We met Kevin Dupree, owner of the Culinary Adventure Co. (647-955-8357, www.culinaryadventureco.com), in front of “The Dip” for a walk around the neighborhood along College Street between Euclid Avenue and Shaw Street. Dupree’s company offers a full menu of neighborhood sampling tours and a number of other gastronomic activities—including a summertime canoe trip to the Toronto islands with a master chef who prepares a picnic.

But this particular evening, we concentrated on Little Italy. He explained that Italian immigration to Toronto began around 1880 and slowed to a trickle after 1930. The residential part of the neighborhood remained Italian into the 1960s, and it’s still full of Italian bars, coffee shops, and restaurants.

P.G. Clucks in Little Italy in Toronto That preponderance of eating and drinking establishments made this stretch of College Street a nightlife destination, and other cuisines have moved in to create a dynamic multicultural mix.

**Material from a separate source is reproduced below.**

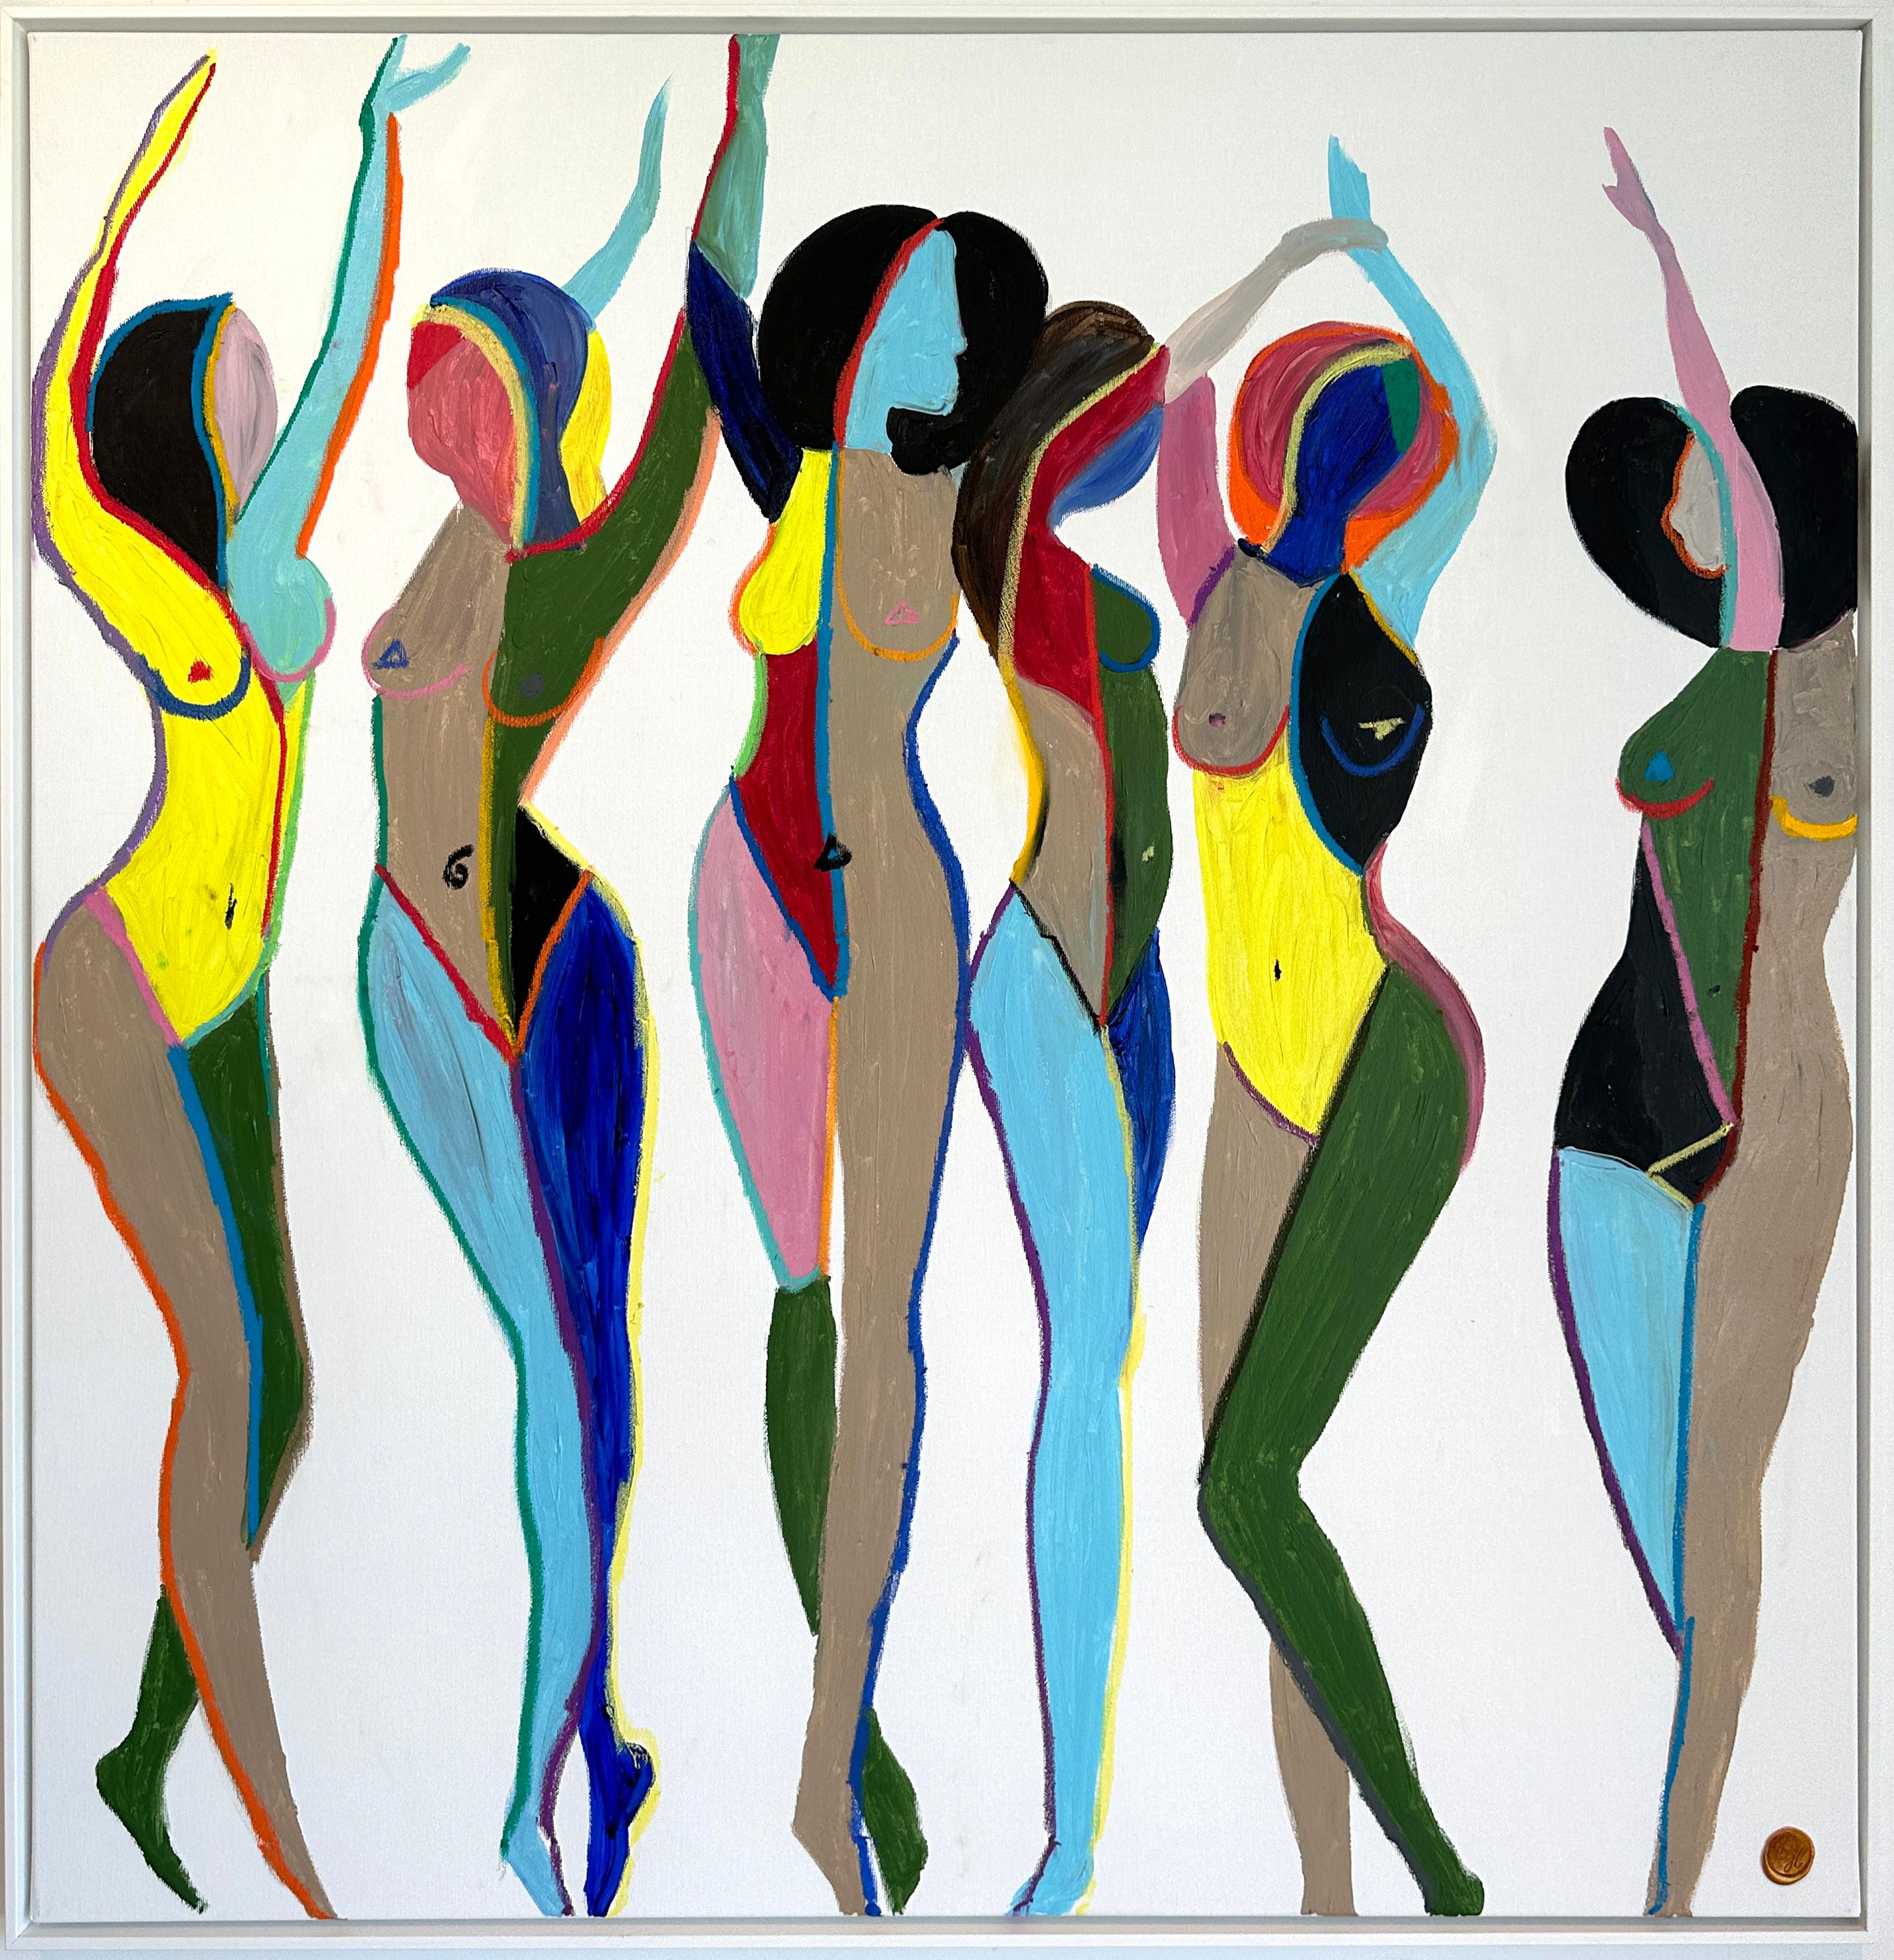 Katharina Hormel Abstract Painting - Joy after Matisse by K. Hormel - Colorful Dancers Contemporary Oil painting

We ducked into a streetfront stall—P.G. Clucks—selling “Nashville-style” fried chicken sandwiches. (They’re fiery hot with spices.) And we spent a while at Hapa Izakaya (602 College St., 647-748-4272, hapaizakaya.com), a Toronto offshoot of the Vancouver-based chain of hip Japanese bar-restaurants. Dark and loud, our area was bathed in the blue glow of UV lamps—which made the white menus glow in the dark. The sake sampler was eye-opening, and the whole mackerel warmed up with blowtorch blast (see top image) was delicate and delicious.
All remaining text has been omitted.